PROMPT: An exact repetition of the data below, without images, is the expected answer.

EXERCISE DATA:
>>>>

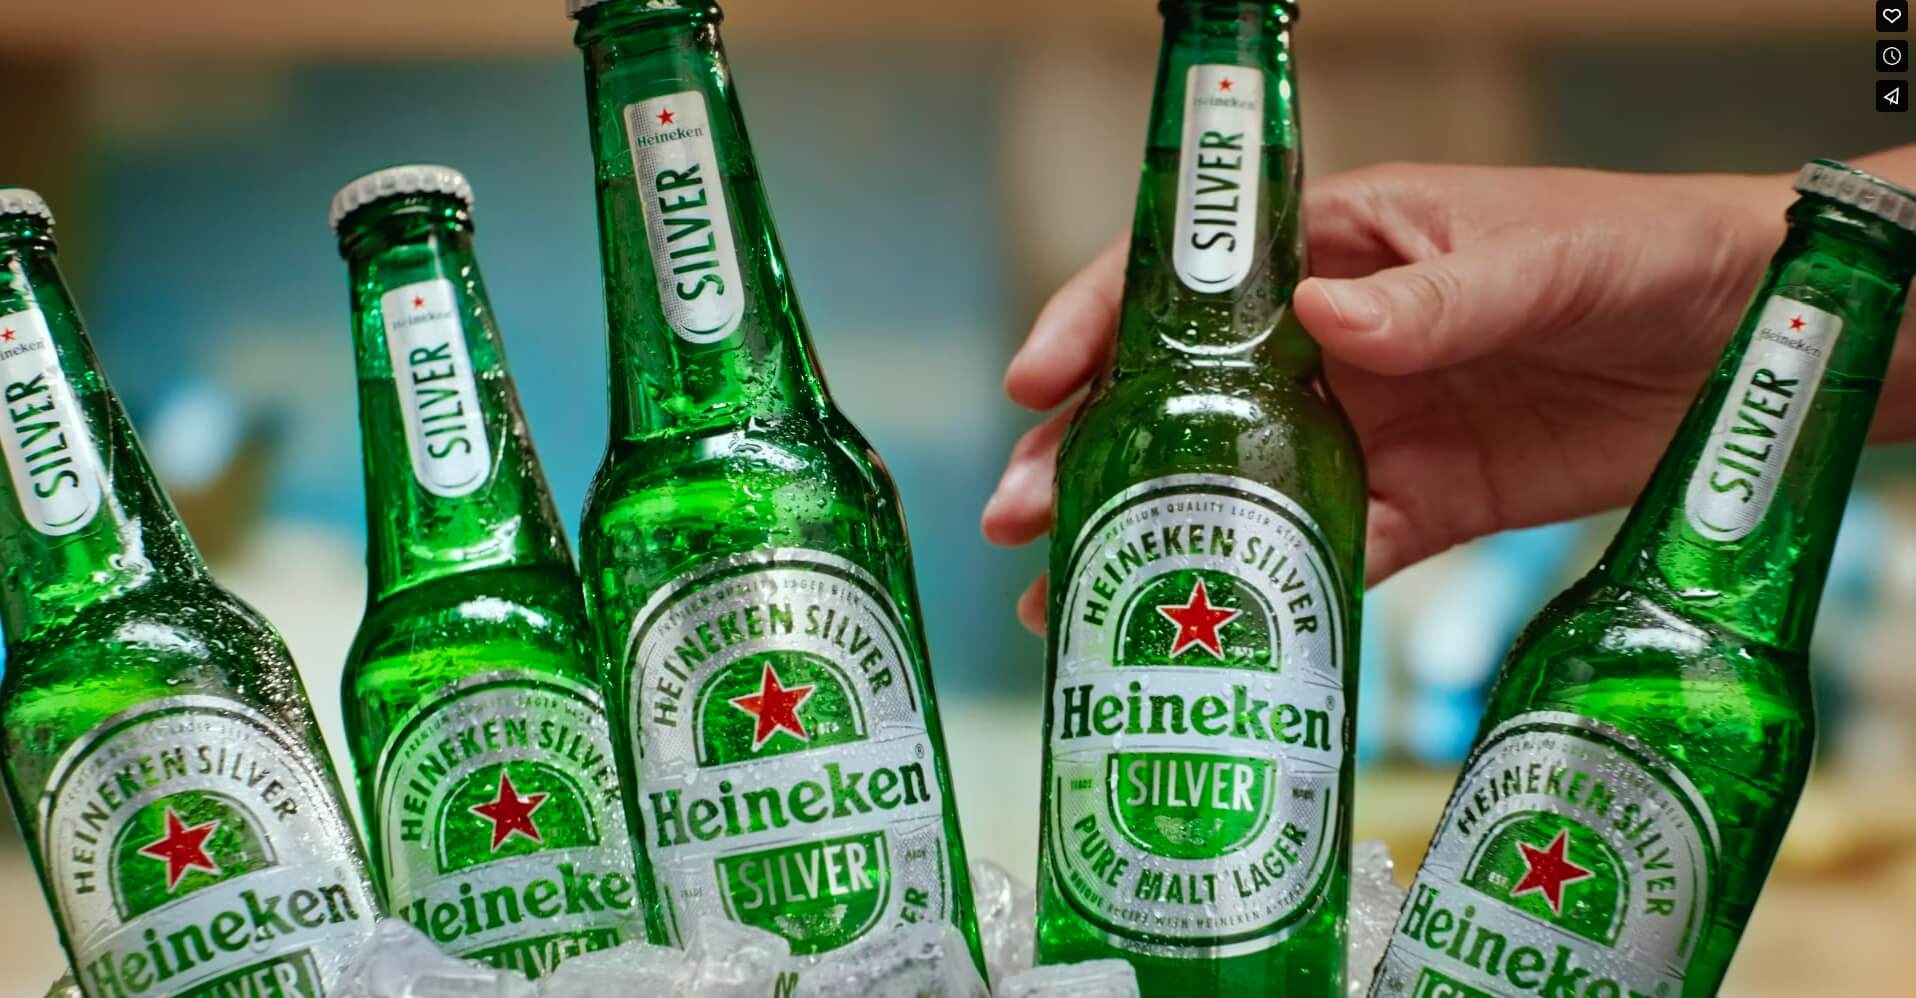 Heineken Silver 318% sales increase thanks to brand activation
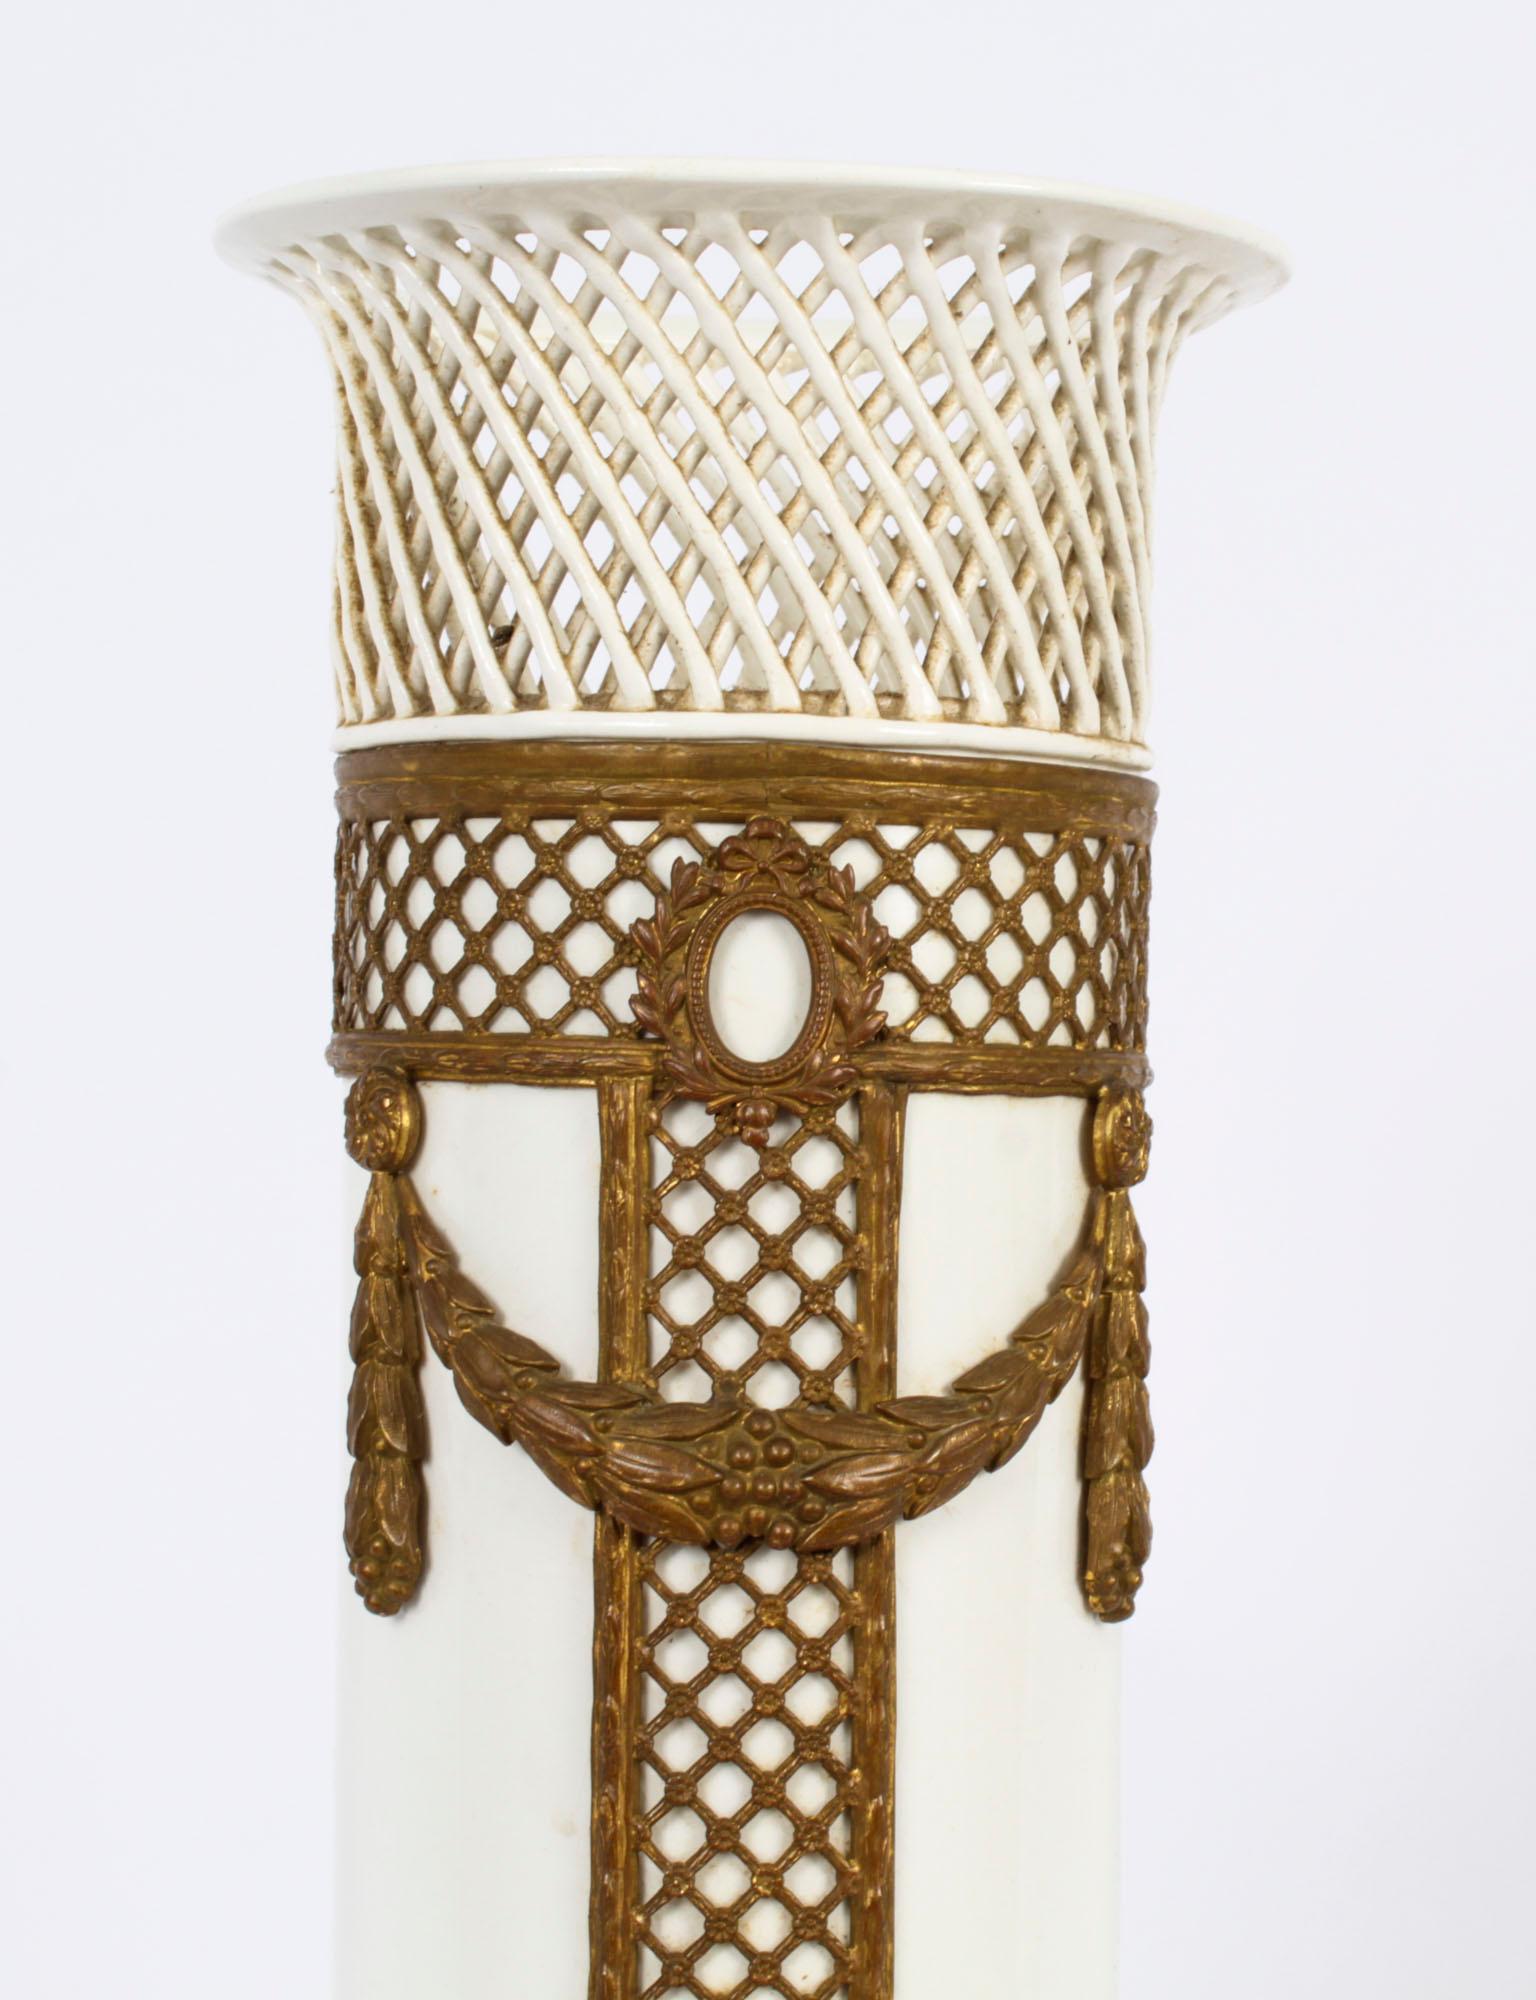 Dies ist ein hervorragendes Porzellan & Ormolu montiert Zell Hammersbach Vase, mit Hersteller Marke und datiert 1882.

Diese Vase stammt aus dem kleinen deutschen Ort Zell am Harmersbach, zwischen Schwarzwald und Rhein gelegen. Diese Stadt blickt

<<<<

ANSWER FOR THIS EXERCISE:
 Heineken Silver 318% sales increase thanks to brand activation
 Dies ist ein hervorragendes Porzellan & Ormolu montiert Zell Hammersbach Vase, mit Hersteller Marke und datiert 1882.

Diese Vase stammt aus dem kleinen deutschen Ort Zell am Harmersbach, zwischen Schwarzwald und Rhein gelegen. Diese Stadt blickt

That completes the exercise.